[Records contained in a dataset]
_ _ _ _ _ _ _

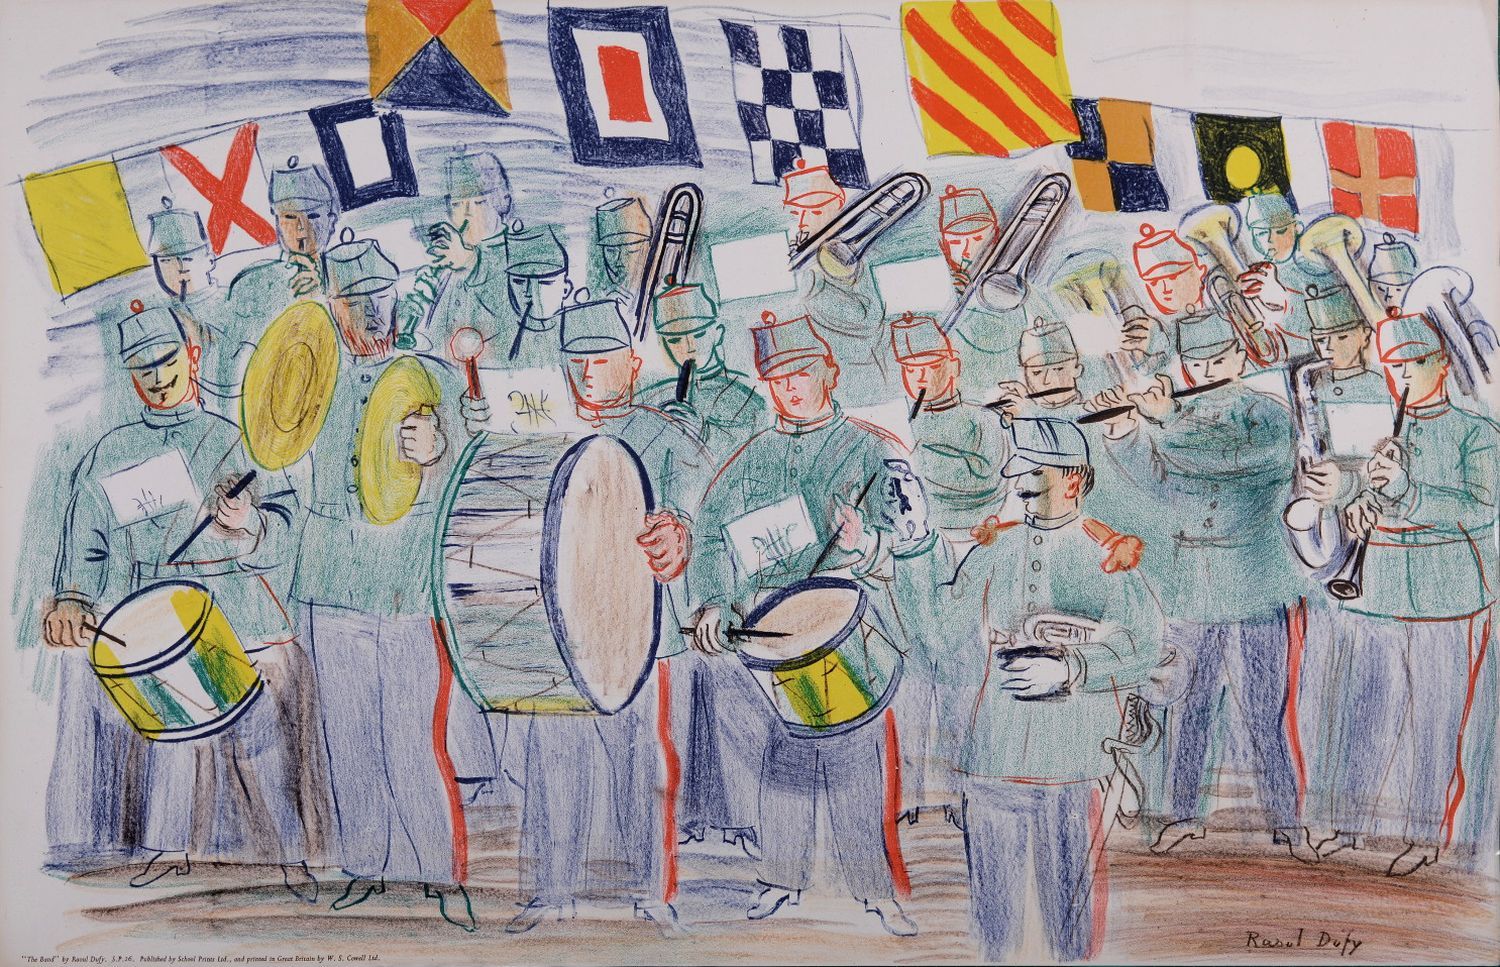 Raoul Dufy Raoul DUFY

The Band, 1949

Lithograph on wove paper

Signed on the p&hellip;
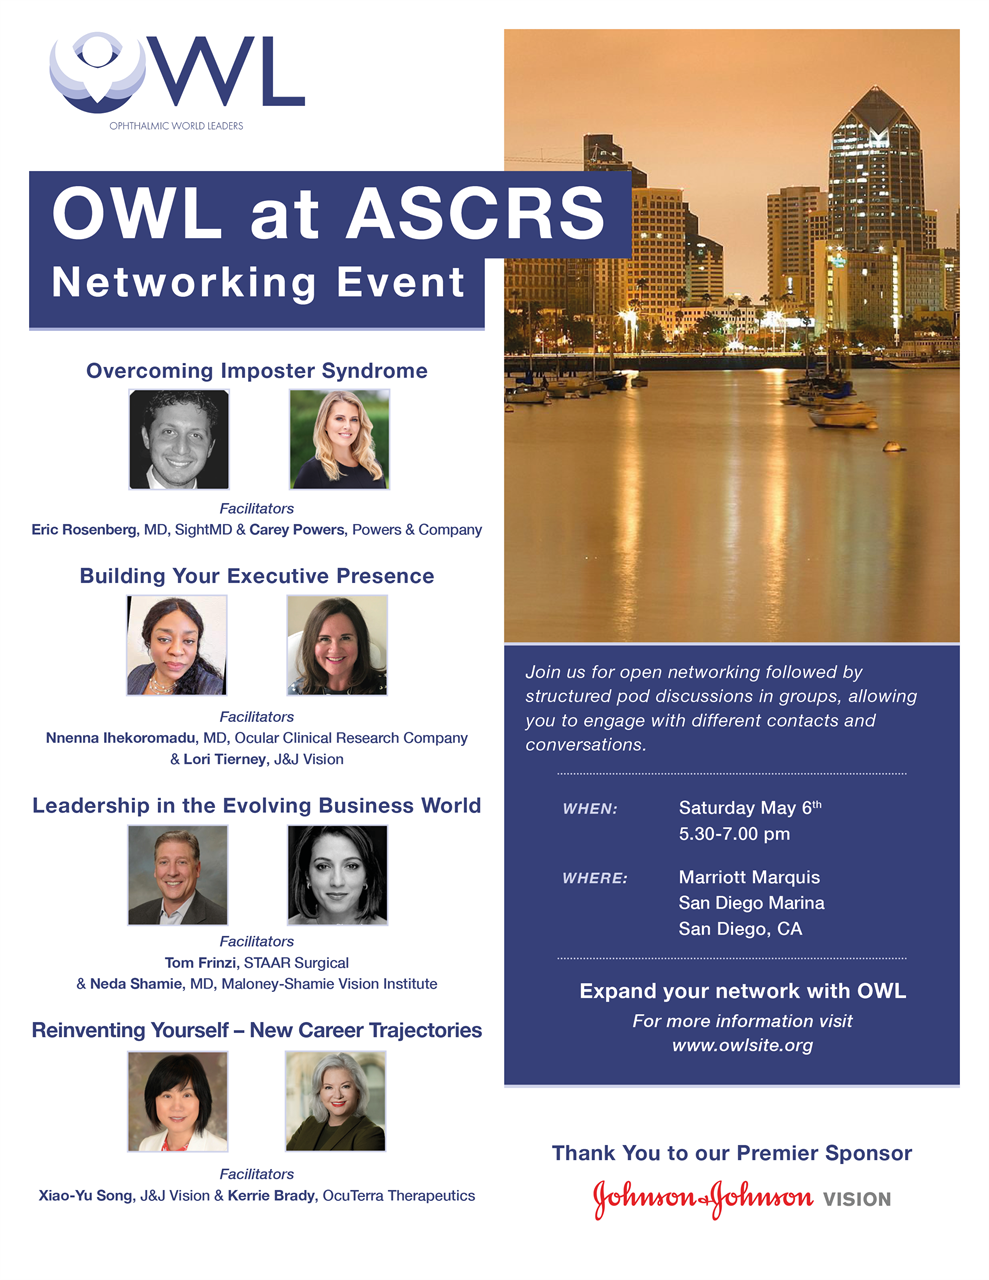 Expand your network with OWL! Register today for the OWL at ASCRS Networking Event on Saturday, May 6, 2023; 5:30 PM-7 PM. Location: Marriott Marquis San Diego Marina; 333 West Harbor Drive, San Diego, CA 92101 (Grand Ballroom). Special thanks to our Premier Sponsor for this event: Johnson & Johnson Vision. Pod Discussions: Overcoming Imposter Syndrome; Building Your Executive Presence; Leadership In The Evolving Business World; Reinventing Yourself-New Career Trajectories

_ _ _ _ _ _ _

- EXERCISE DETAILS:
Would you please repeat exactly the lines above, starting at the line with "The Band, 1949" and stopping at the line with "Signed on the p&hellip;", both included?

- REPLY TO THE TASK:
The Band, 1949

Lithograph on wove paper

Signed on the p&hellip;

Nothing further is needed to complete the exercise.